To address this point, we performed a transcription profile analysis of BALB-neuT preneoplastic and invasive lesions, integrated with a meta-analysis of data obtained from healthy human and neoplastic specimens. Of the 46 putative OAs identified [27], B7-H4 [28], Claudin 3 [29], Hepsin [30], CD52 [31], and Desmoglein 2 [32] are Class I OAs, expressed on the plasma membrane of cancer and TME cells and therefore constitute promising targets for vaccination. Class II OAs are another group of identified OAs and includes cytokines and chemokines copiously released in the TME. These molecules play important roles in establishing the strictly tuned relationship between tumor and stromal cells whose balance is critical for tumor development and progression, as will be discussed in the following sections of this review. Moreover, this analysis led us to identifying many Class III OAs that belong to signal transduction pathways reported to be deregulated in breast and other cancers, such as mitogen activated protein kinase (MAPK) [33], Survivin [34], Aurora kinase [35], and src pathway molecules [36]. It is worth noting that some of these networks seem to be regulatory keys of therapeutic resistance, such as Survivin [37], Topoisomerase II α [38], Desmoglein 2 [39], BCL2-interacting killer [40], and ribonucleotide reductase M2 polypeptide [41]. In addition, several identified proteins have a role in CSC self-renewal, which has been demonstrated in the cases of maternal embryonic leucine zipper kinase [42], transcription factor AP-2 γ [43], the microtubule associated TPX2 protein [44], and Aurora kinase A [44]. At present, our efforts are focused on the characterization of some of these targets and our final goal is the setup of new DNA vaccines that will be tested in BALB-neuT mice in association with anti-HER2 vaccination, in order to improve the vaccination's efficacy against advanced tumor and metastases. A more detailed analysis of OAs that are selectively expressed by the various populations that constitute TME may end up providing us with a sort of tumor Rosetta Stone which could help unveil the reciprocal connection between tumor, CSCs, and stroma.
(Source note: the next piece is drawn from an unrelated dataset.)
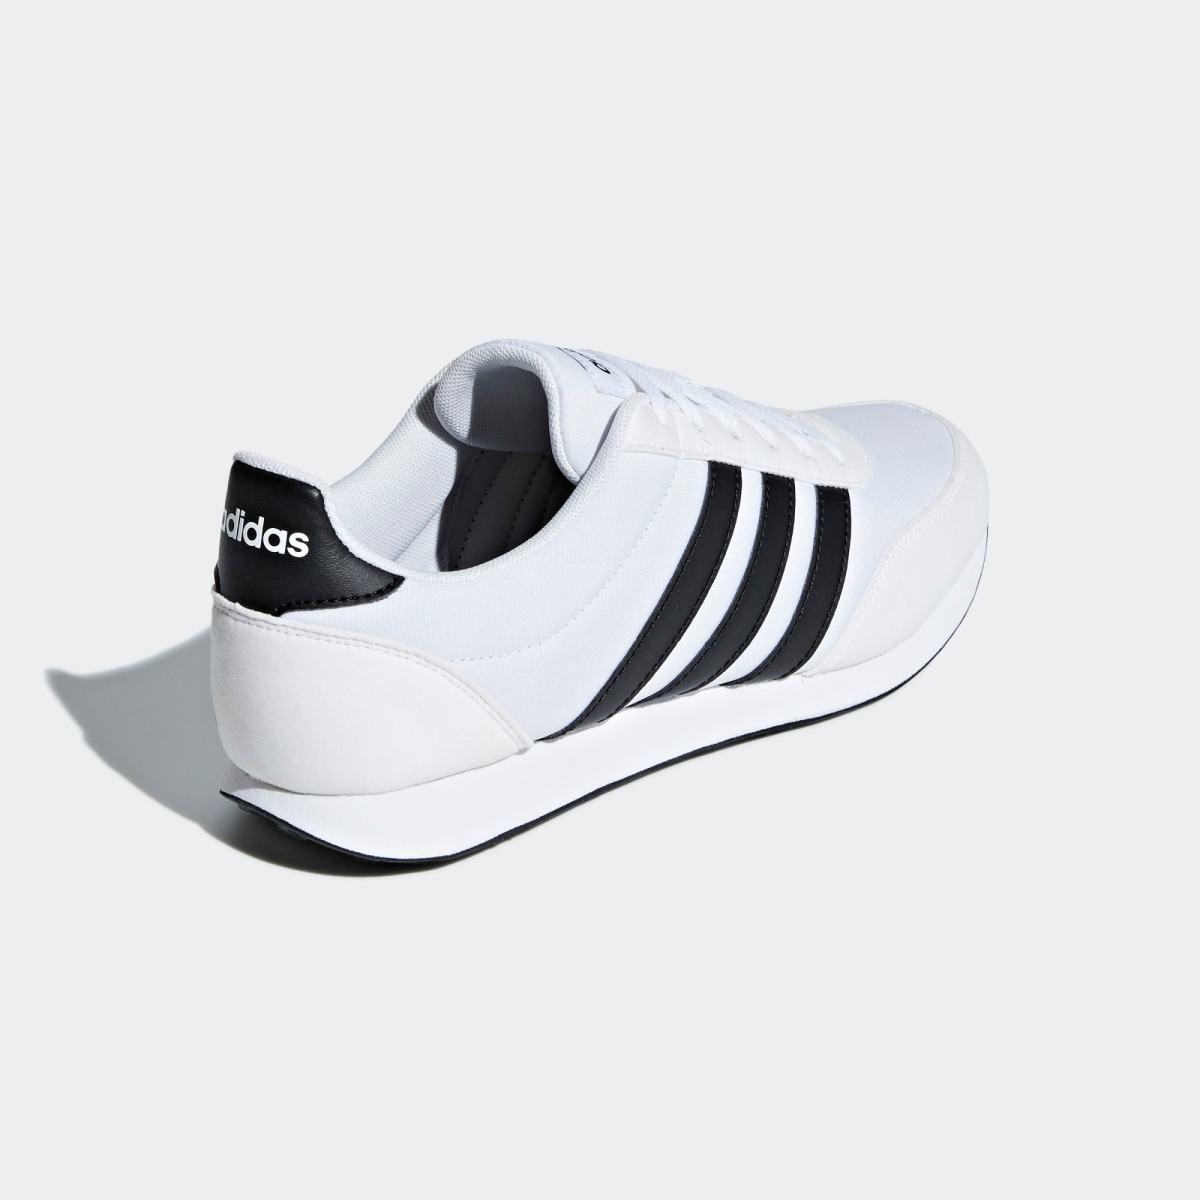 V_Racer_2.0_Shoes_White_B75796_05_standard

As reported in several clinical studies, the expression of noncoding genes, such as microRNAs (miRNAs), correlates with cancer relapse and metastasis formation [45]. Several miRNAs contribute to tumor progression in virtue of their ability to posttranscriptionally modulate the expression of oncogenes or oncosuppressors. They can act directly on TME, regulating both the survival of more differentiated cancer cells and the maintenance of a CSC phenotype [46] and controlling neoangiogenesis during tumor progression [47]. Results from experimental studies, which have been strengthened by the human cancer miRNA expression profile, have led researchers to the identification of miRNAs as potent regulators of the crosstalk between cancer and stromal cells [48]. Even if miRNAs cannot be considered oncoantigens because of their lack of immunogenicity, the identification of miRNAs, which are differentially expressed in the tumor, can lead to the identification of their target genes as potential oncoantigens or oncosuppressors, nevertheless [19].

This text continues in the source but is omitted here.